When they gathered again in front of the judge five weeks later, Mr. D said, “Judge Irvine, while we didn’t plead ‘not guilty by reason of insanity,’ there are clearly mitigating circumstances. Not only does this child lack the intellectual or moral capacity to understand the consequences of her actions, but the records show that she has also been horribly damaged. The state failed to care for her, failed to protect her. Instead, it let her go from one terrible situation to the next. Even before she was born, Elizabeth was unwanted. Her parents married only under duress when her mother was six months pregnant. The marriage was so volatile and violent that her mother repeatedly abandoned Elizabeth at her grandmother’s when she was a child. Her father beat her with a belt as well as his fists. She may well have brain damage. And then when Elizabeth was seven, she saw something no one should ever see, especially not a child. She saw her father kill her mother and then turn the gun on himself.”

He paused to let the weight of his words settle in. Elizabeth wished she could stuff her fingers in her ears, close her eyes, and not have the images replay behind her lids.
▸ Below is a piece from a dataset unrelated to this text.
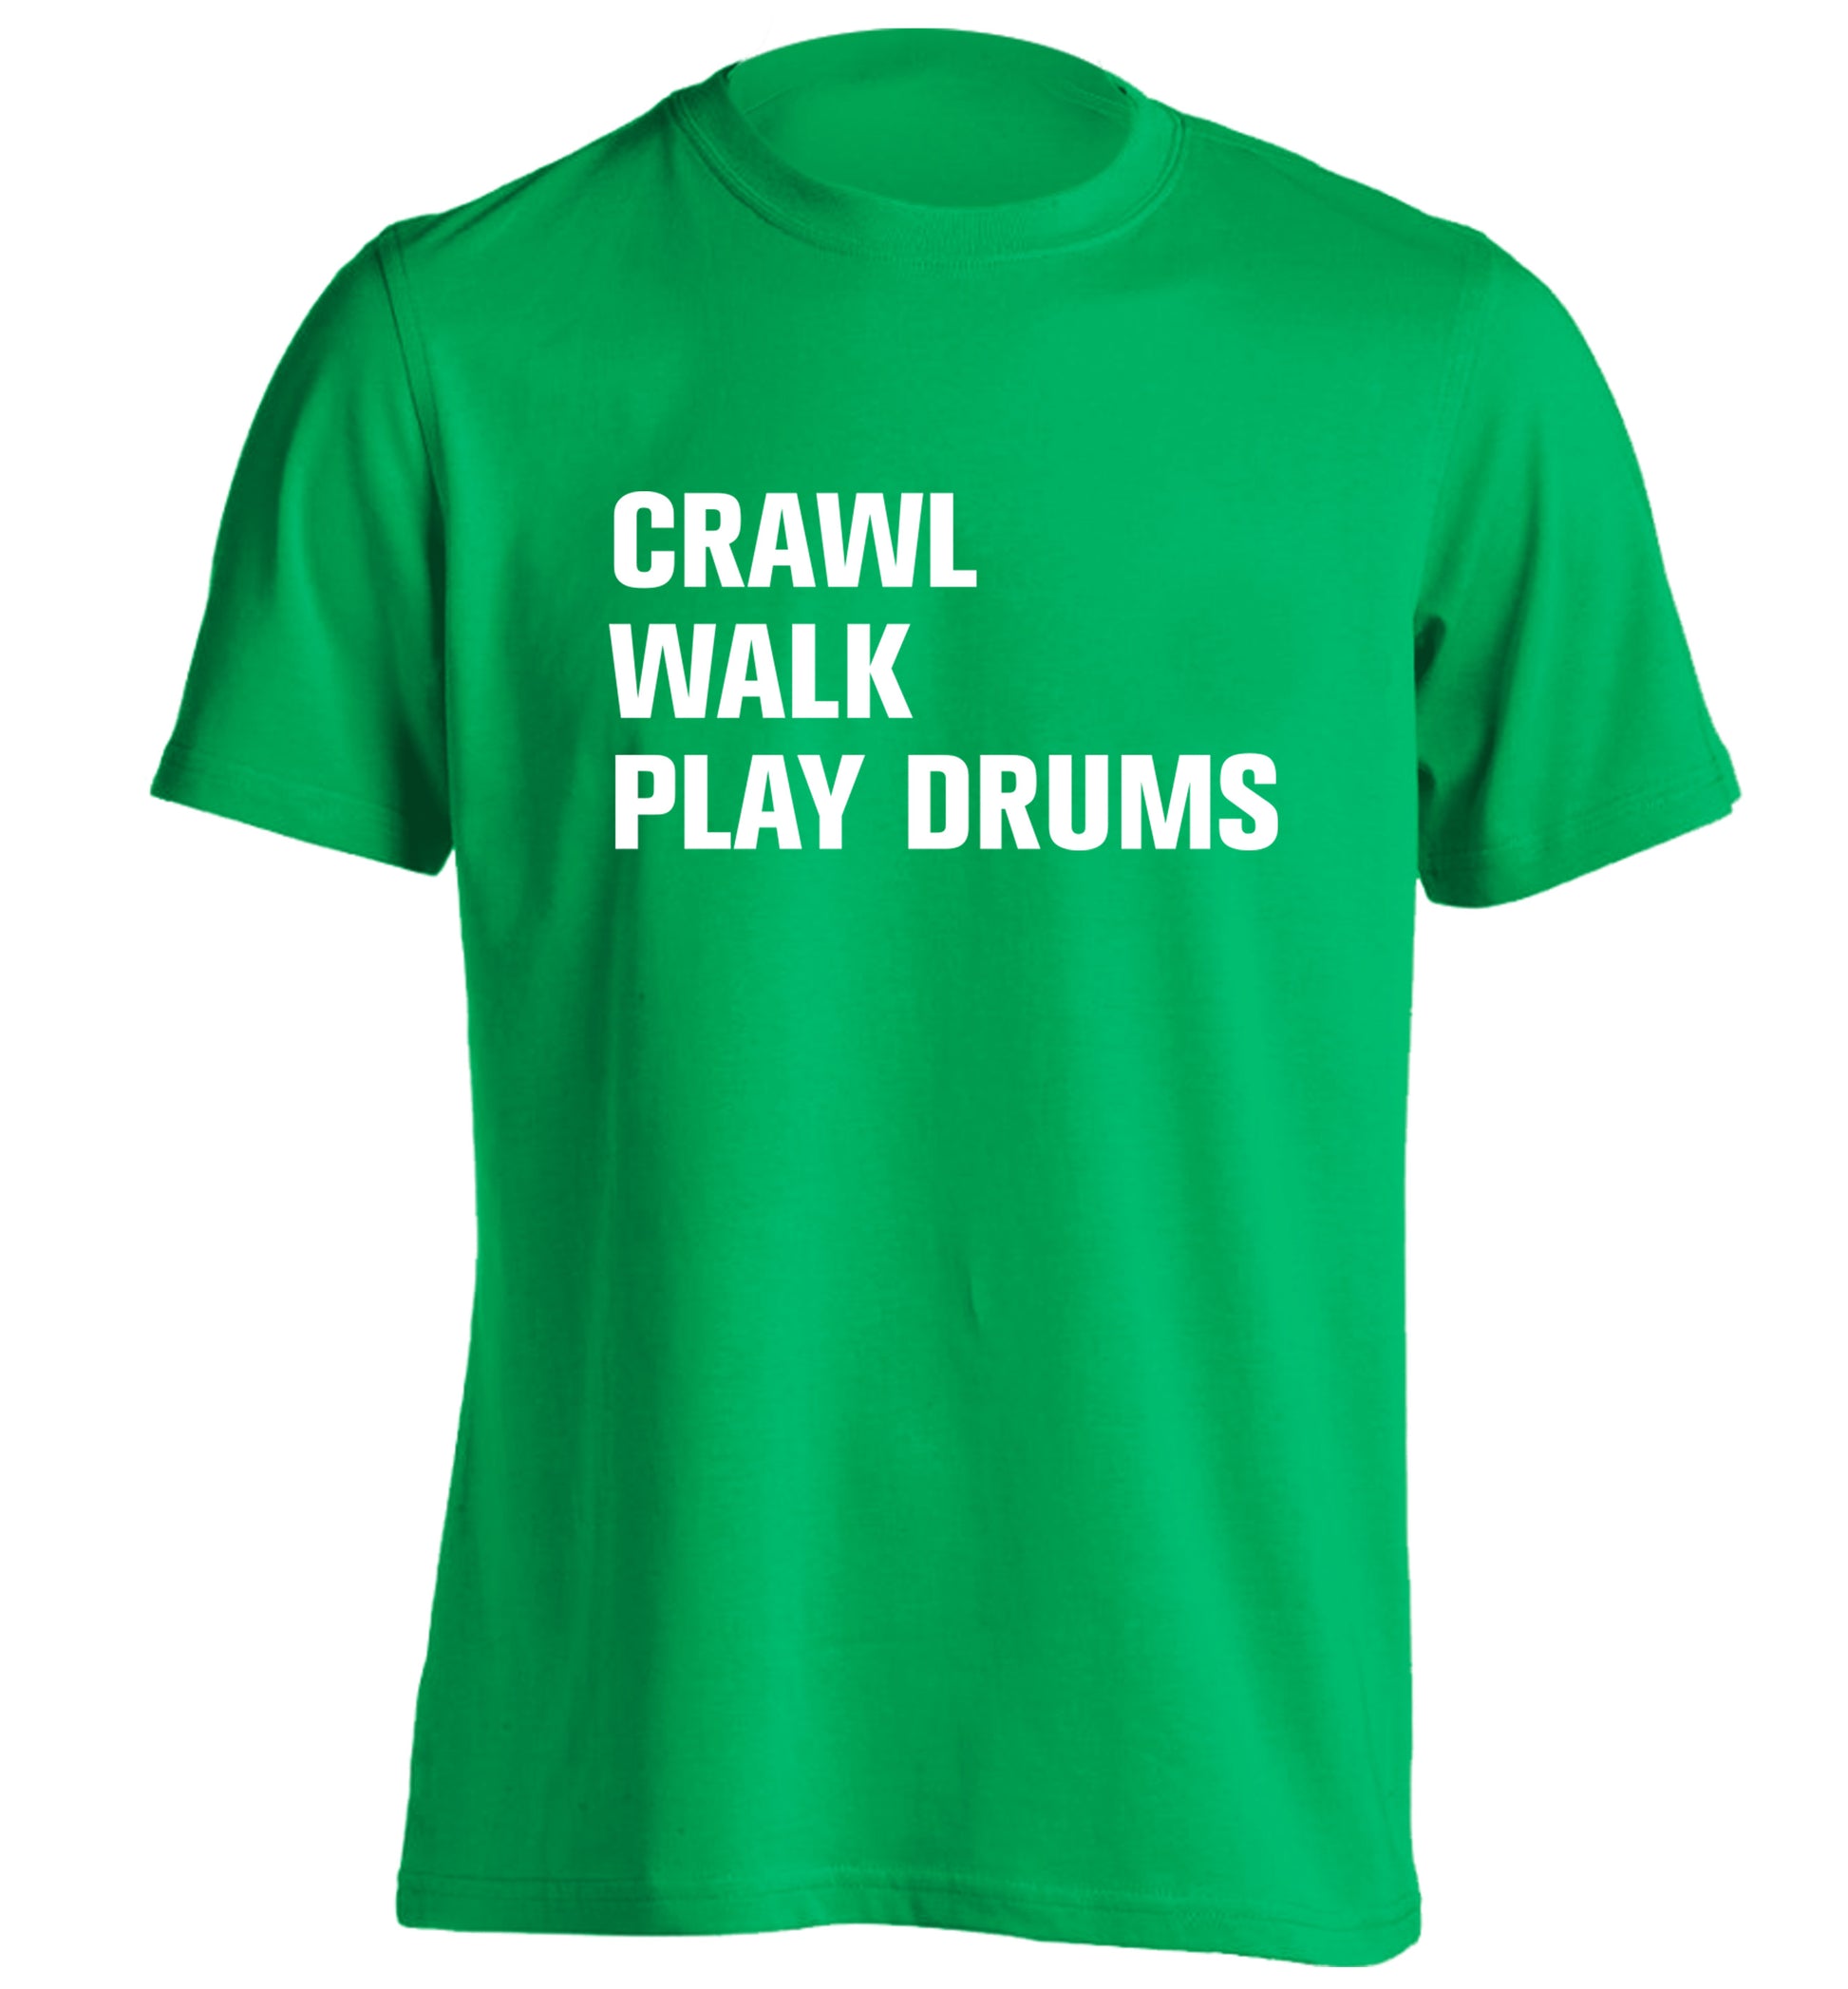 Crawl walk play drums adults unisex green Tshirt 2XL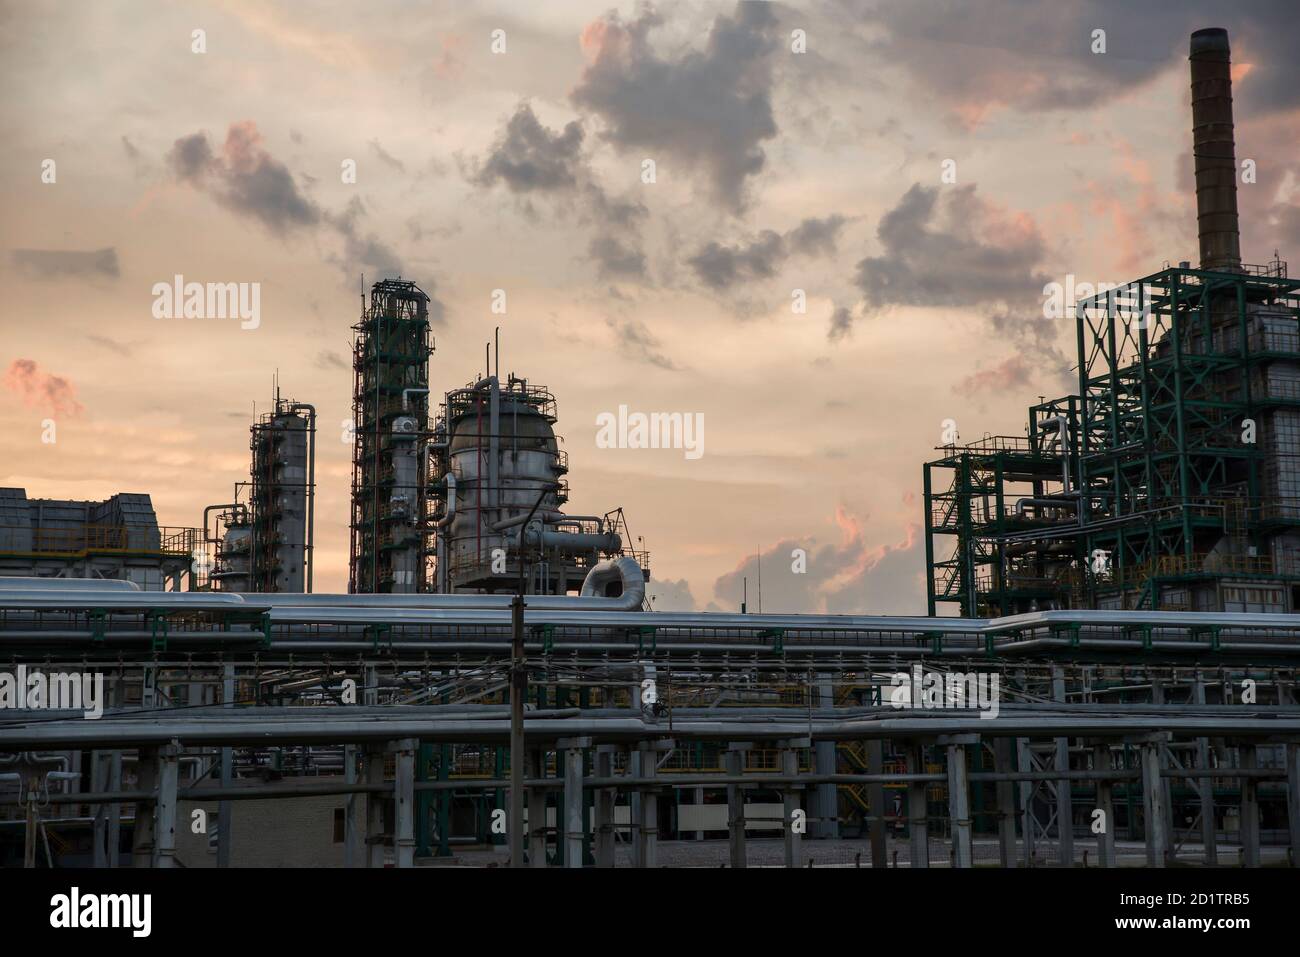 Tour de raffinerie dans une usine pétrochimique à ciel nuageux. Après le coucher du soleil. Banque D'Images

“Then she was forced to live with her grandmother, who made it clear she saw Elizabeth as a burden. As a result, this girl was brought up in a toxic environment, one where lashing out before you yourself could be hurt was the norm. The court should not compound the wrongs the state has perpetuated against this girl by punishing her for acts that to this day she does not understand. She bears the burden of a tragic past and present—help her find the bright future she so deserves. If any child deserves leniency, Your Honor, it would be Elizabeth.”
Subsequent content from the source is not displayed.